Muss diese Entwicklung auch die BU-Versicherer ängstigen? Philipp Greiner, Abteilungsleiter der Schadenregulierung bei einem der größten BU-Versicherer im Lande – bei Swiss Life Deutschland, gab Anfang Februar zunächst einmal Entwarnung (wir berichteten). Wirklich konkrete Corona-Erkrankungen, wie etwa eine chronische „Fatigue“, so Greiner, sehe man bei Swiss Life nach damaligem Stand nur „ganz wenig“. Genaue Zahlen nannte er nicht. Hingegen bekomme der BU-Experte Fälle zu sehen, die er „indirekte Schäden“ nennt. „Die Leute kommen mit dem Lockdown nicht klar“, so Greiner. „Die alleinerziehende Mutter mit zwei Kindern, die eben nicht für zwei Kinder Homeschooling und Homeoffice machen kann. Und das führt zu – meistens – psychischen Beeinträchtigungen.“ Solche Fälle sehe man bei Swiss Life „sehr wohl jetzt schon – und wir rechnen auch damit, dass das mehr wird“.
Unterdessen betont die Versicherungswirtschaft, dass Covid-19 für die BU-Versicherer „eine Erkrankung wie jede andere“ sei.
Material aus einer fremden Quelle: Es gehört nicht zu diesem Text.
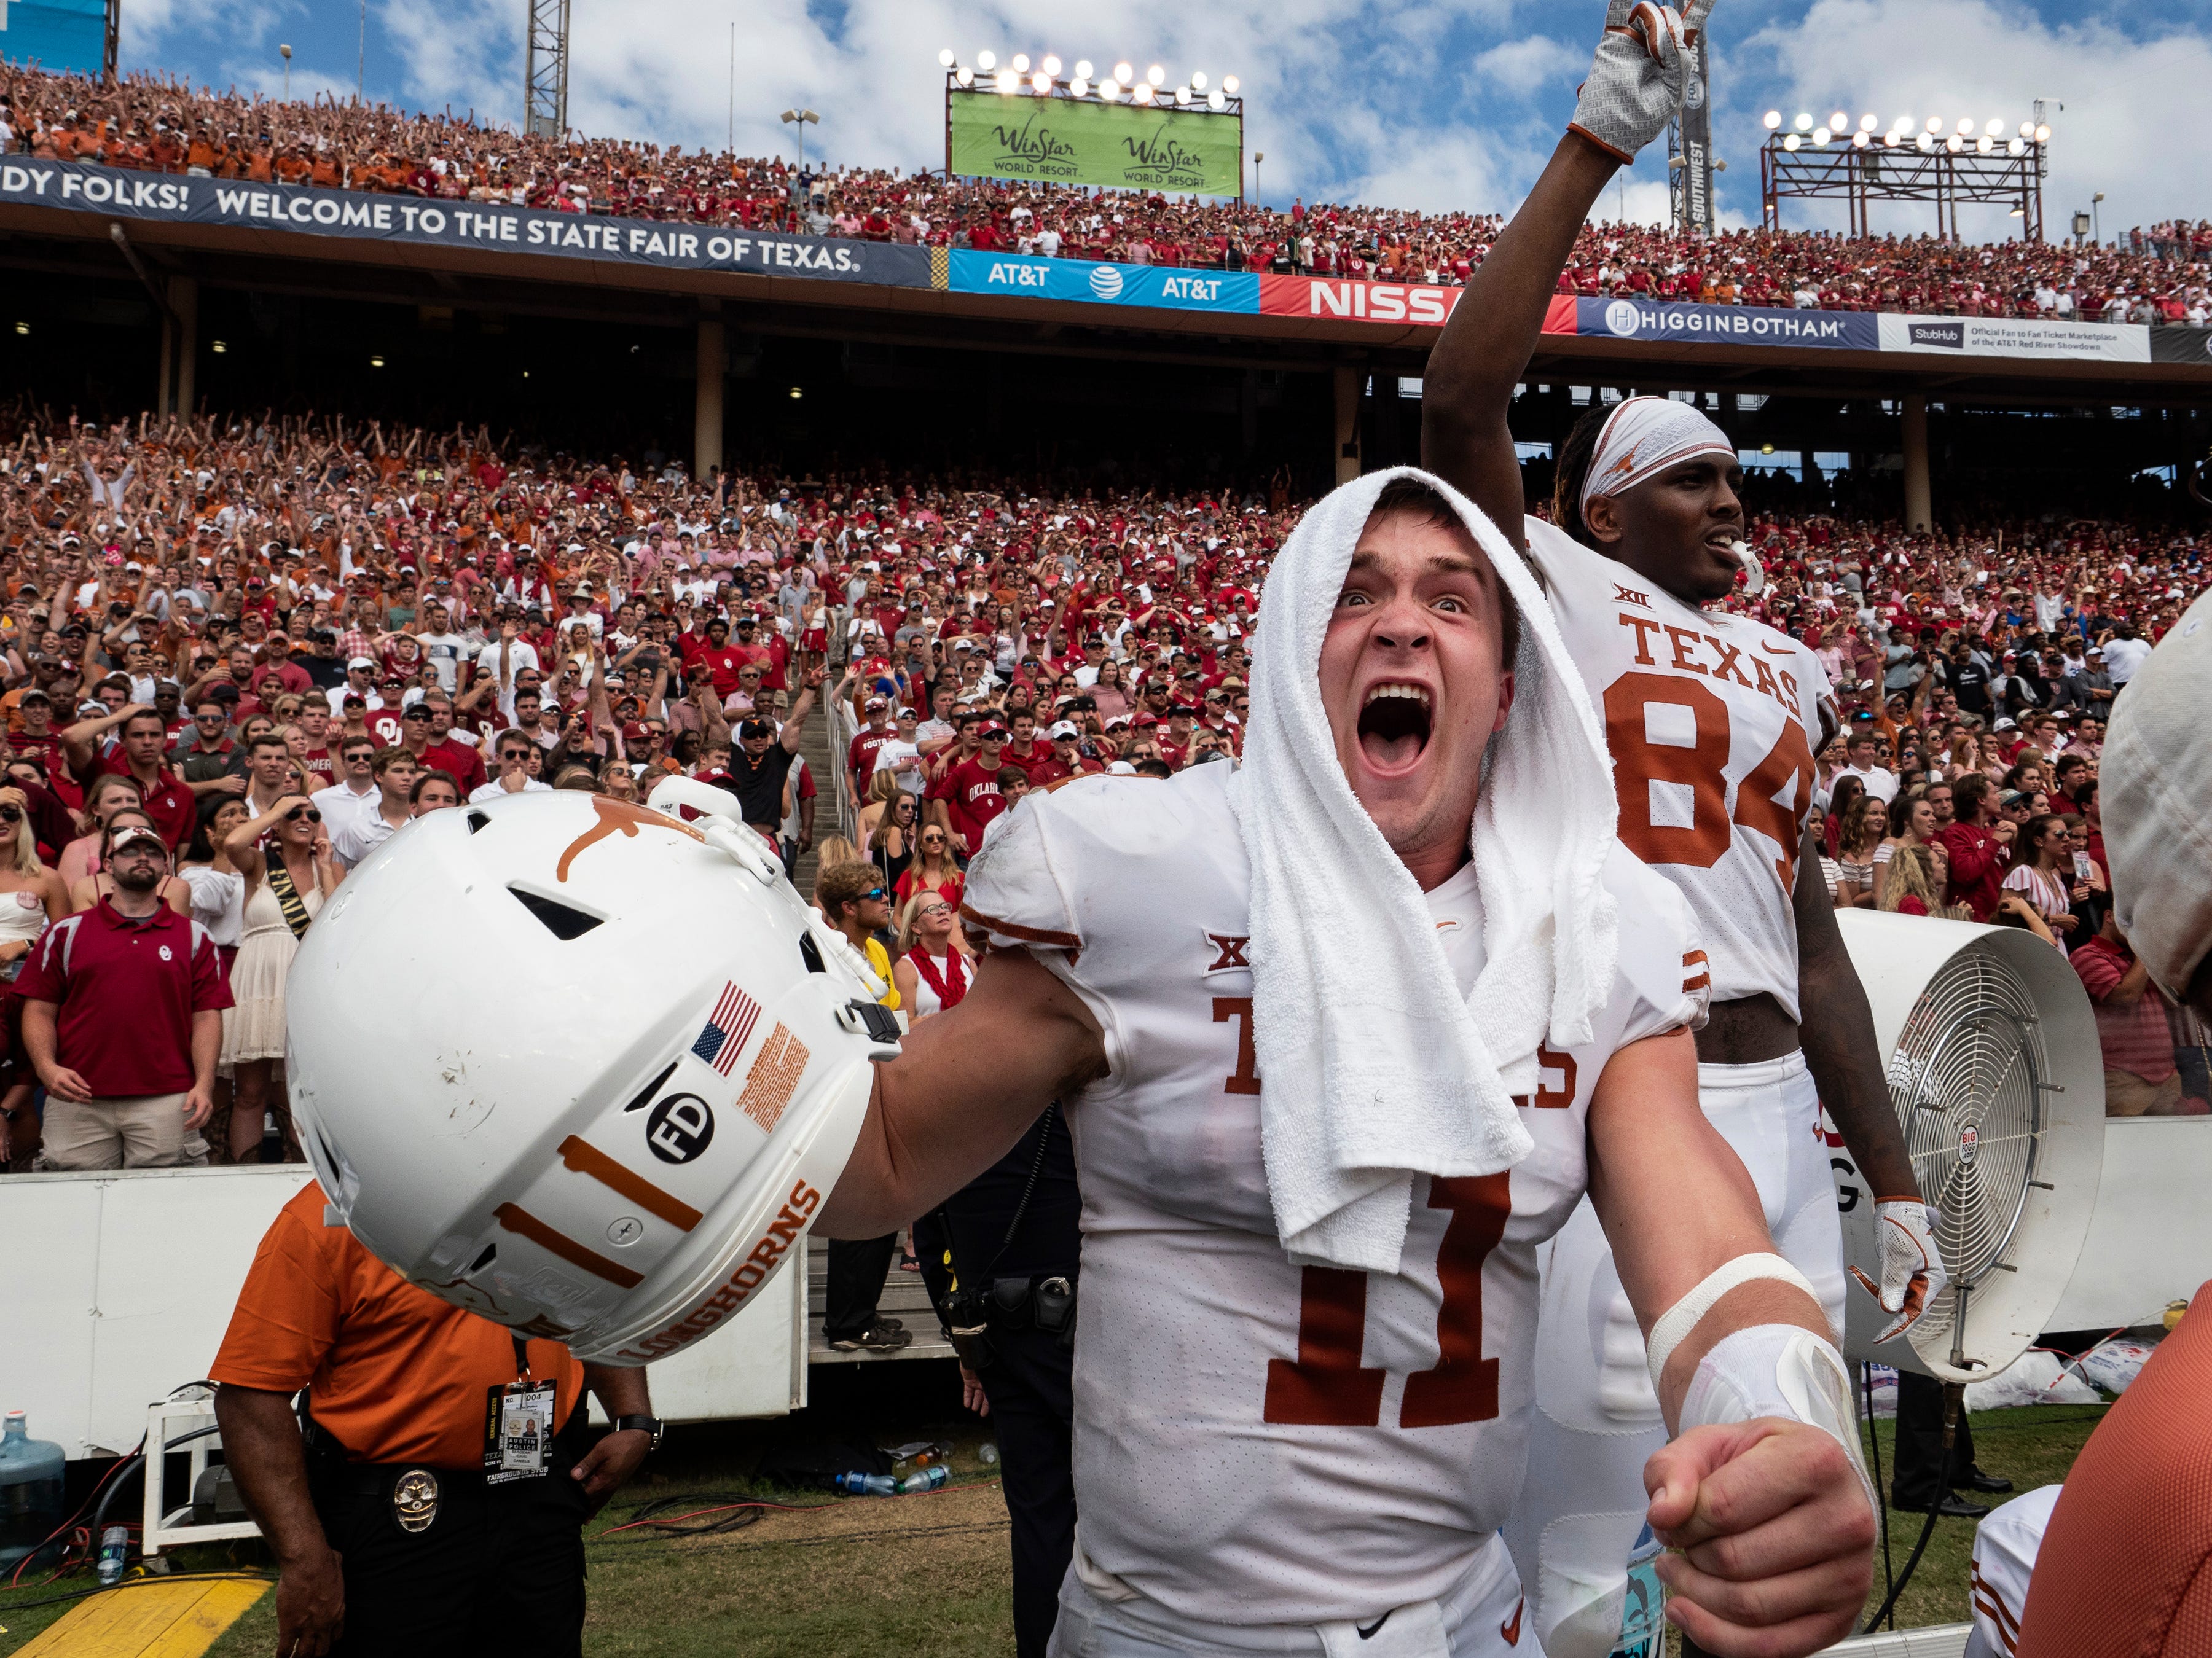 TexasOklahoma game at Cotton Bowl Stadium, explained Why Red River
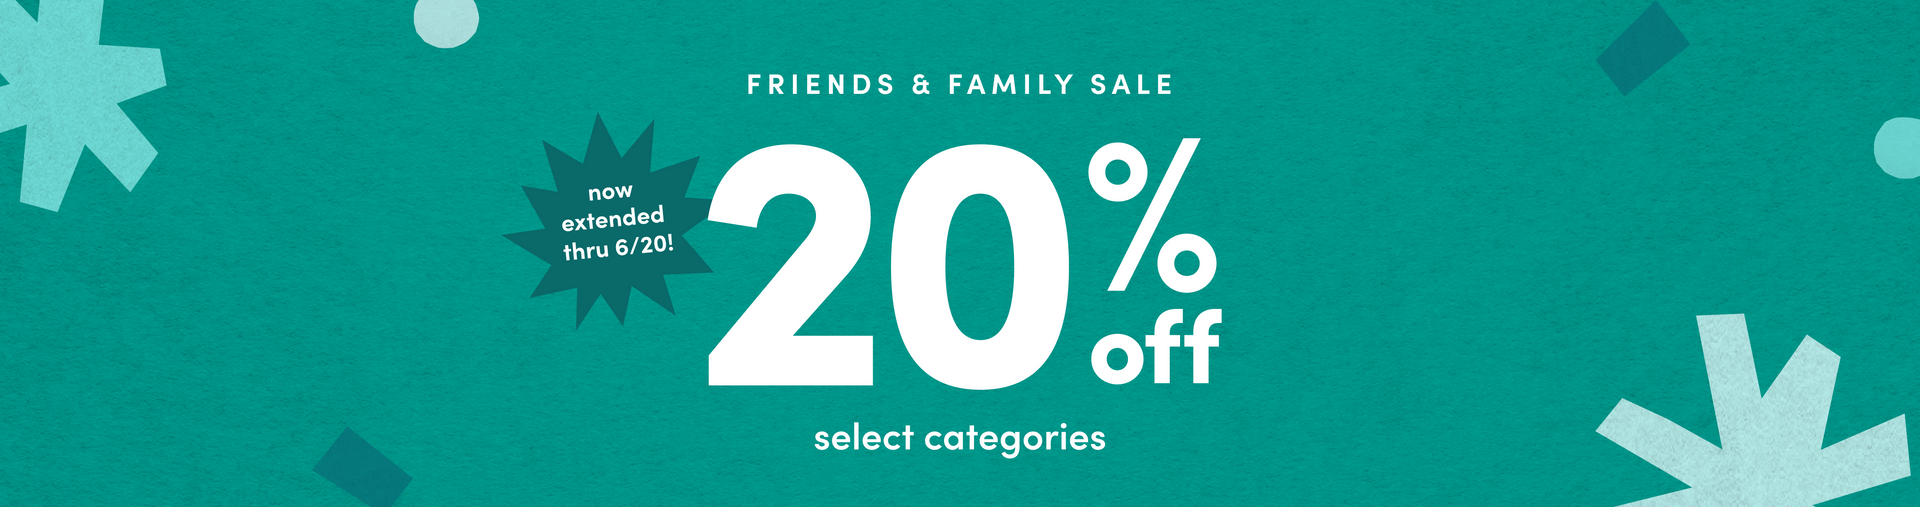 FRIENDS & FAMILY SALE 20% off select categories now extended thru 6/20!

Das heißt, dass sie auch von einer Berufsunfähigkeitsversicherung abgedeckt sei, wie der Gesamtverband der Deutschen Versicherungswirtschaft (GDV) Ende März auf seinem Verbraucherportal „Die Versicherer“ mitteilte. „Sowohl beim Abschluss von Berufsunfähigkeitsversicherungen als auch bei der Leistungsprüfung gelten für Kunden mit einer Corona-Infektion die ganz normalen Regeln“, heißt es dort. Werde ein Versicherter berufsunfähig, das heißt er kann seinen Beruf nur noch zu höchstens 50 Prozent ausüben, erhalte er die vereinbarte Leistung. „Das gilt selbstverständlich auch dann, wenn eine Corona-Erkrankung die Ursache für die Berufsunfähigkeit ist“, stellt der Verband klar.